### PROBLEM
Print out the data precisely as it appears here, with no pictures.

### DATASET SECTION

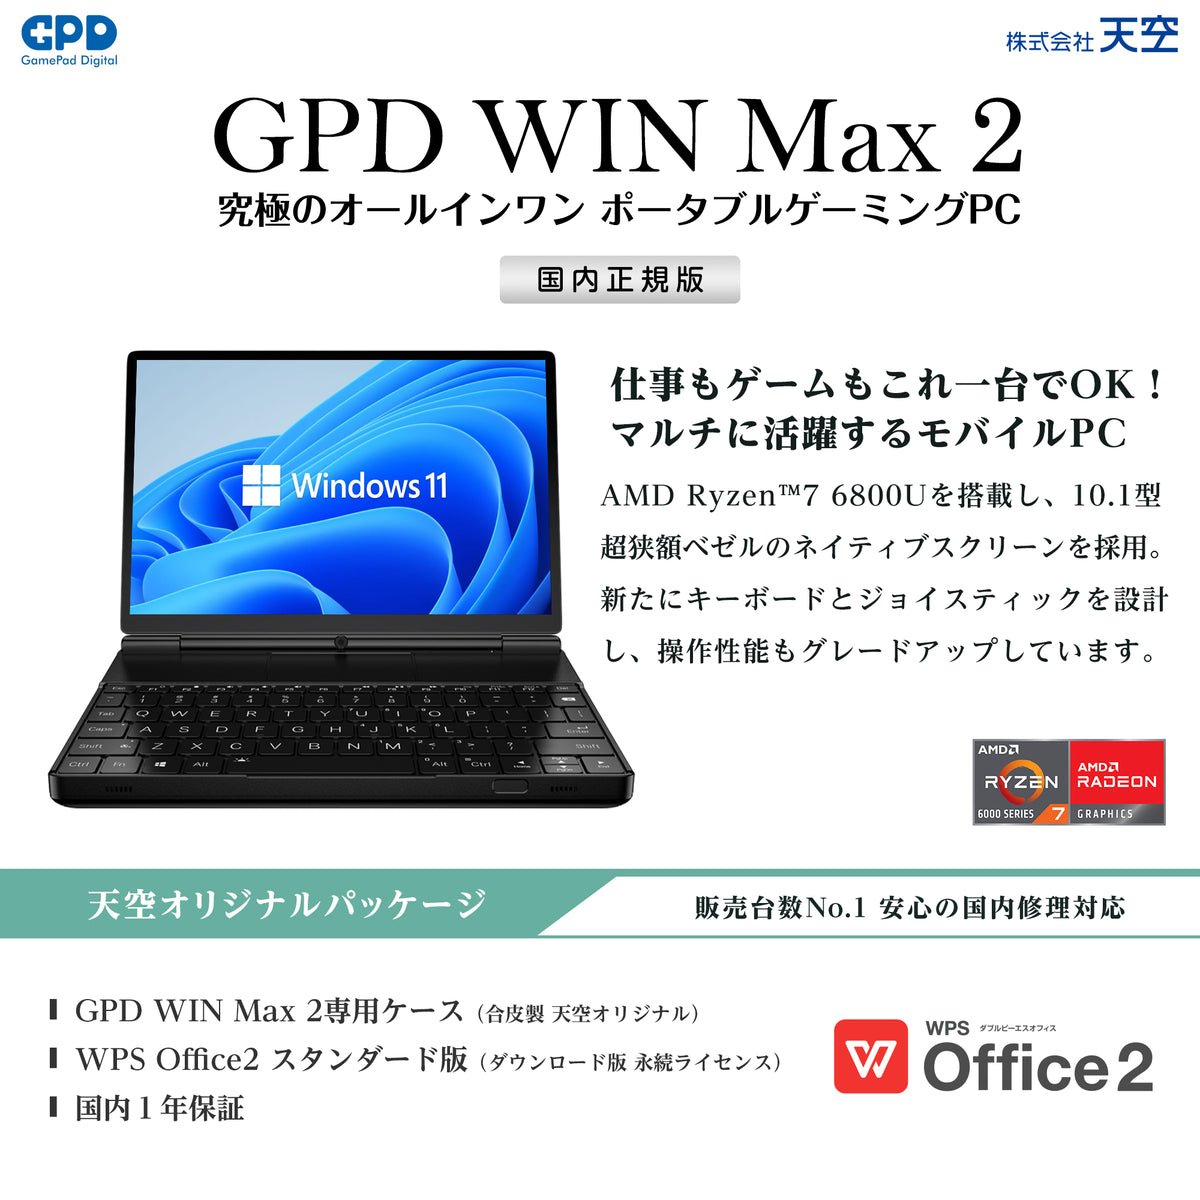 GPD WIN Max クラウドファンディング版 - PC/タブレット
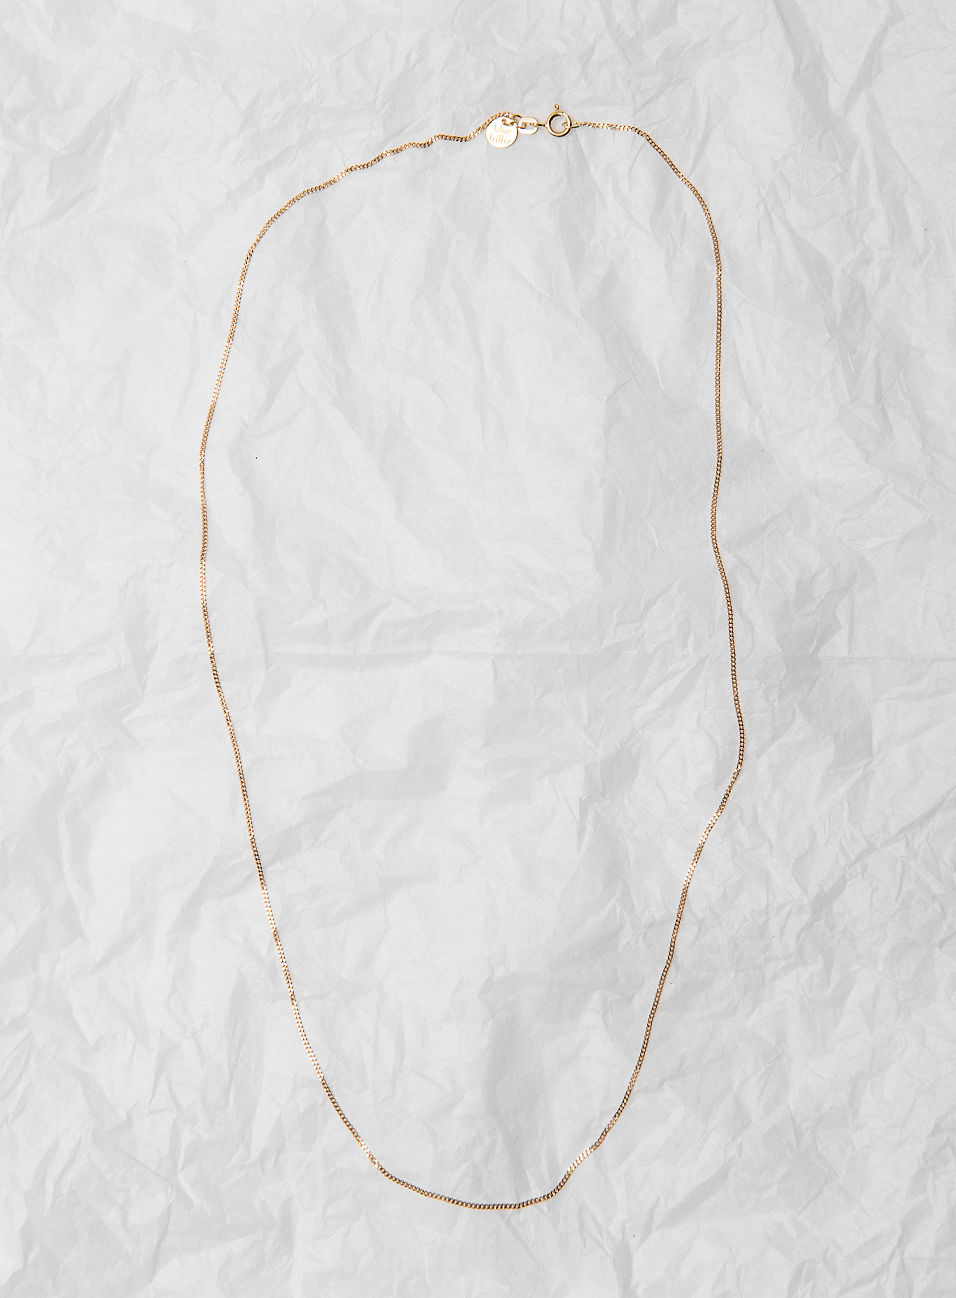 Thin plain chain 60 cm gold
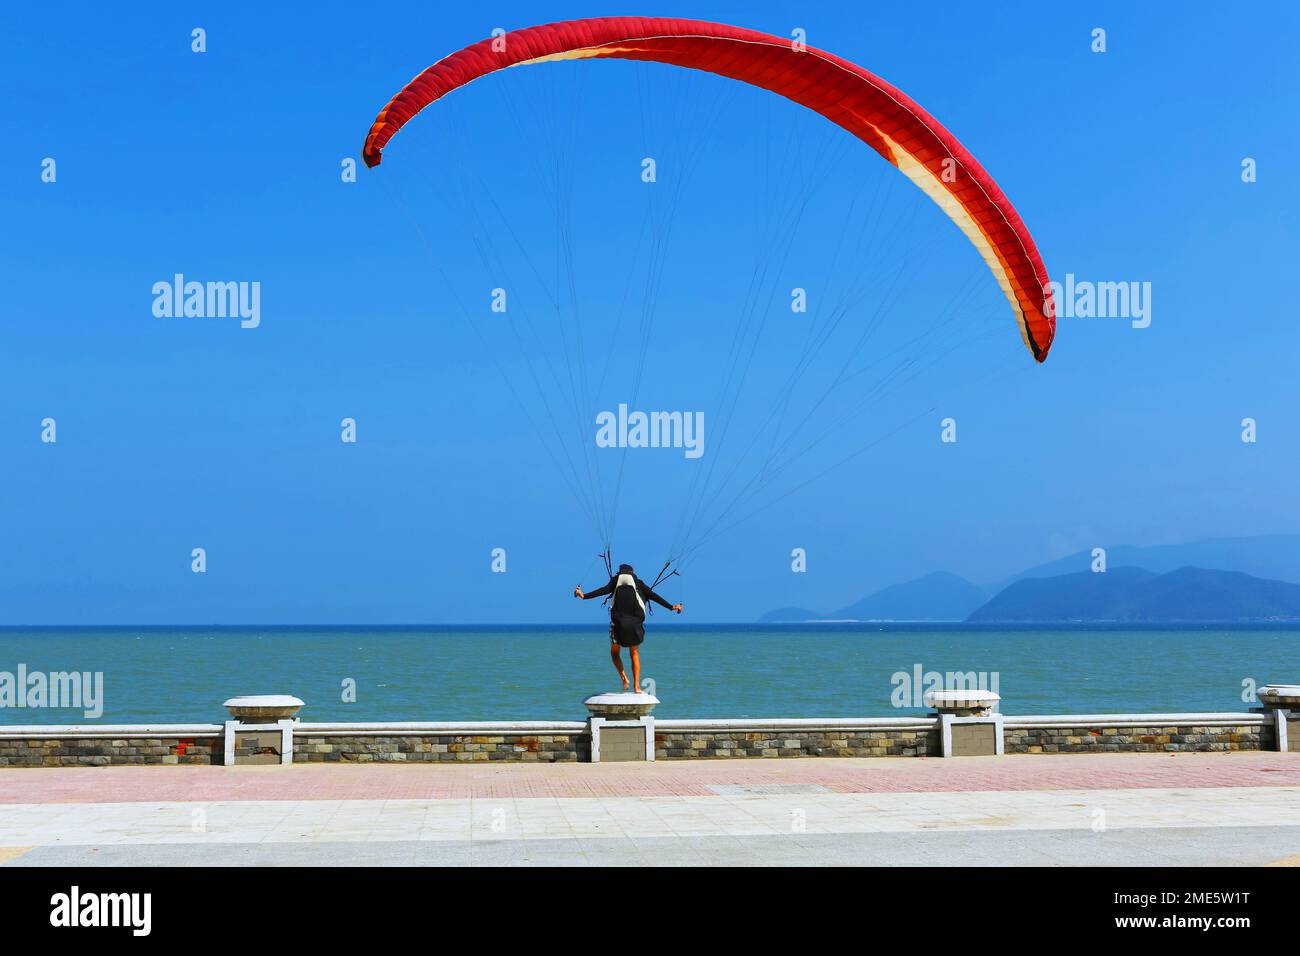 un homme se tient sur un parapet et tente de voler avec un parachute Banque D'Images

### EXERCISE RESPONSE
 GPD WIN Max クラウドファンディング版 - PC/タブレット
 Thin plain chain 60 cm gold
 un homme se tient sur un parapet et tente de voler avec un parachute Banque D'Images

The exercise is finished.